De rechtbank heeft partijen in de gelegenheid gesteld zich over de wederzijdse correctieverzoeken uit te laten.
1.4.
I-Beheer heeft per brief van 10 juli 2024 aangevoerd dat voor toewijzing van het correctieverzoek van Enviem c.s. geen grond bestaat.
1.5.
Enviem c.s. heeft vervolgens per brief van 12 juli 2024 bezwaren aangevoerd tegen toewijzing van het correctieverzoek van I-Beheer.

2.De verdere beoordeling

in conventie
2.1.
Het verzoek tot van Enviem c.s. tot verbetering van het vonnis zal worden afgewezen omdat geen sprake is van een fout. De wettelijke handelsrente van artikel 6:119a BW heeft alleen betrekking op de primaire betalingsverplichting uit een handelsovereenkomst, dat wil zeggen de geldelijke tegenprestatie voor geleverde diensten op grond van een handelsovereenkomst, en niet op andere geldelijke verplichtingen zoals die uit onverschuldigde betaling.
in reconventie
2.2.
De rechtbank heeft geconstateerd het vonnis van 3 juli 2024 onder de punten 3.7 tot en met 3.10 inderdaad een kennelijke fout bevat. De door rechtbank toegewezen bedragen hebben, zoals volgt uit r.o. 2.23, betrekking op openstaande factuurbedragen. Onder r.o. 2.25 van het vonnis is geoordeeld dat de gevorderde wettelijke handelsrente toewijsbaar op grond van artikel 6:119a BW. Dat in het dictum vervolgens de letter ‘a’ bij de vermelding van het wetsartikel ontbreekt, is dan ook een voor een ieder kenbare kennelijke fout. De rechtbank merkt daarbij op dat ook de rente als bedoeld in artikel 6:119a BW “wettelijke rente” is, aangezien deze rechtstreeks voortvloeit uit de wet. Dat in de praktijk ook wel gesproken wordt van
handelsrente om een onderscheid te maken ten opzichte van de ‘gewone’ rente als bedoeld in artikel 6:119 BW, maakt dat niet anders.
De kennelijke fout leent zich voor eenvoudig herstel, waartoe de rechtbank zal overgaan op de wijze als hierna vermeld.
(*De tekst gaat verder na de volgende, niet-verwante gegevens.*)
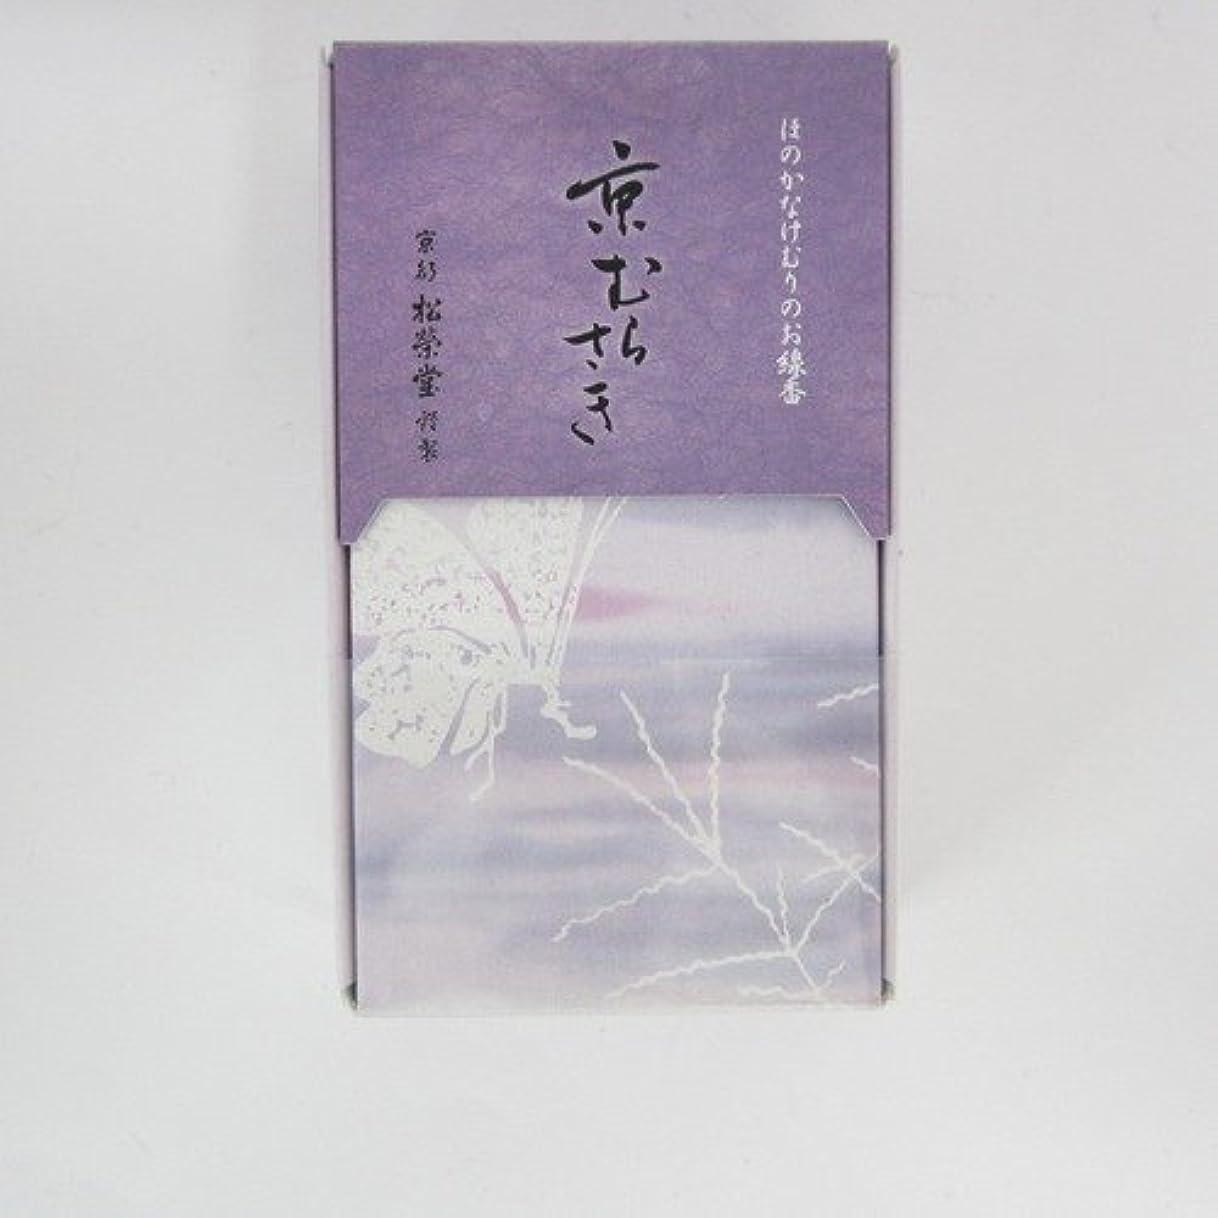 噴火ホステス割り込み松栄堂 玉響シリーズ 京むらさき 45g
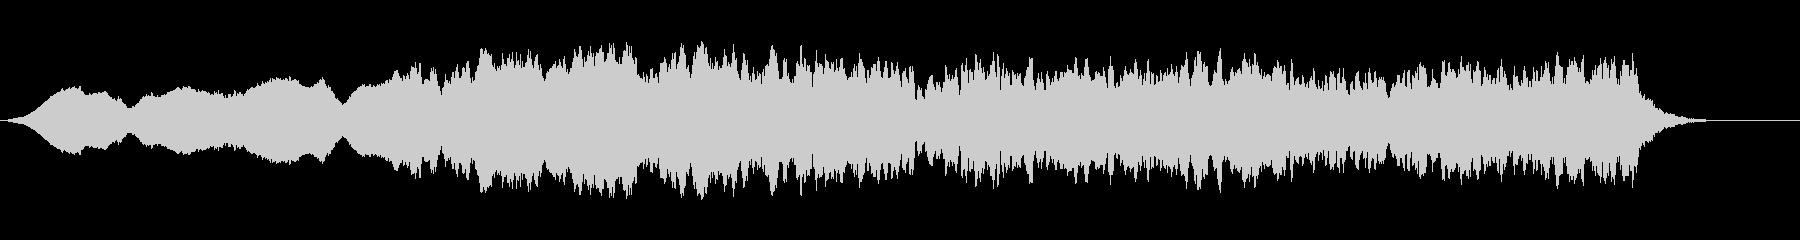 異世界1ホラー環境音の未再生の波形

3.De beslissing in conventie en in reconventie

De rechtbank
3.1.
wijst het verzoek van Enviem c.s. tot verbetering van het vonnis af.
3.2.
verbetert het tussen partijen gewezen vonnis van 3 juli 2024 in die zin, dat in het dictum onder 3.7 tot en met 3.10 in plaats van ‘
artikel 6:119 BW’ steeds moet worden gelezen ‘
artikel 6:119aBW’,
3.3.
bepaalt dat deze verbetering zal worden gehecht aan de minuut van het vonnis van
3 juli 2024,
Voor het overige blijft het vonnis van 3 juli 2024, ook wat betreft de datum van uitspraak, geheel in stand.
Deze verbetering is aangebracht door mrs. L. Groefsema, voorzitter, C.J.R. de Locht en S. van Gessel en uitgesproken op 21 augustus 2024 door mr. S. van Gessel in tegenwoordigheid van de griffier mr. K.M.N. Baurdoux.